In contrast, here, all of the points on the checklist upon which Tracor relies merely state a very general course of conduct for the inspectors to follow. For example, the checklist tells the inspector to check the ventilation every 30 days. Tracor does not argue that the inspectors failed to check the ventilation. Instead, Tracor contends that the inspectors performed an inadequate inspection of the ventilation. The checklist, however, prescribed no procedures for testing the ventilation and did not specify what action an inspector should take if he found inadequate ventilation to exist. Likewise, the checklist did not specifically tell the inspector how to check the flame-retardancy of clothing. The method of ensuring the flame-retardancy of the clothing, like testing the ventilation, was left to the inspector's choice. Accordingly, the inspector's conduct was discretionary and protected by the discretionary function exception.
The inspectors' conduct in this case is comparable to the conduct of the employees of the Federal Aviation Agency discussed in Varig. In Varig, the Supreme Court held that the FAA's decision to implement a "spot-check" system to determine the compliance of aircraft with design and safety standards, as well as to monitor the FAA employees' execution of the system, was discretionary. 467 U.S. at 819, 104 S.Ct. at 2767. The Court reasoned:
It follows that the acts of FAA employees in executing the "spot-check" program in accordance with agency directives are protected by the discretionary function exception as well. The FAA employees who conducted compliance reviews of the aircraft involved in this case were specifically empowered to make policy judgments regarding the degree of confidence that might reasonably be placed in a given manufacturer, the need to maximize compliance with FAA regulations, and the efficient allocation of agency resources. In administering the "spot-check" program, these FAA engineers and inspectors necessarily took certain calculated risks, but those risks were encountered for the advancement of a governmental purpose and pursuant to the specific grant of authority in the regulations and operating manuals.
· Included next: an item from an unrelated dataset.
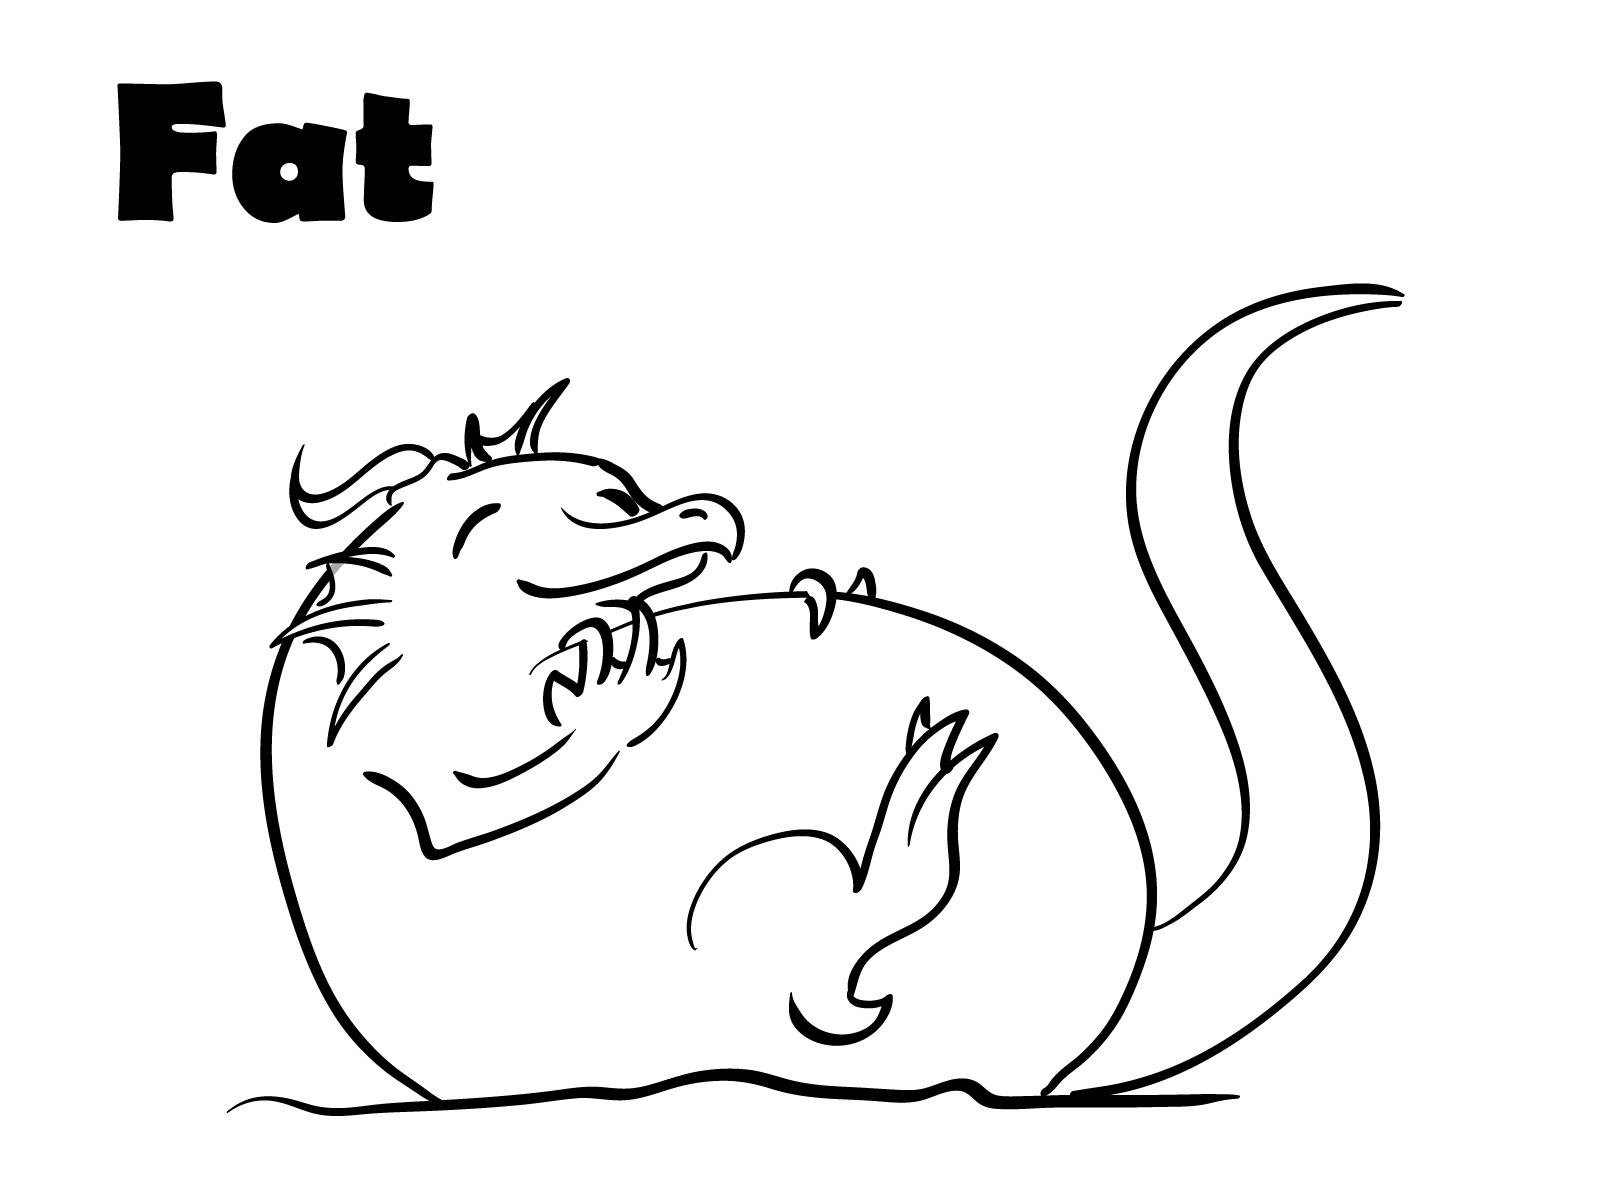 16-Fat.jpg

Under such circumstances, the FAA's alleged negligence in failing to check certain specific items in the course of certificating a particular aircraft falls squarely within the discretionary function exception of § 2680(a).
Id. at 820, 104 S.Ct. at 2768 (citation omitted).
Here, most of the items on the safety review checklist, and all of the items upon which Tracor relies, allowed the inspectors discretion in conducting their safety review. The items on the checklist do not specifically prescribe a course of action for the inspector to follow in checking compliance, or in deciding what to do if an inspector discovered a problem.
For these reasons, we conclude that the discretionary function exception applies.
The government also argues that the district court lacked subject matter jurisdiction over Tracor's claim against the United States because Tracor failed to exhaust its administrative remedies under the Federal Tort Claims Act. See 28 U.S.C. § 2675. Because we conclude that the court lacked subject matter jurisdiction under the discretionary function exception, we need not decide this issue.
We affirm the judgment of the district court.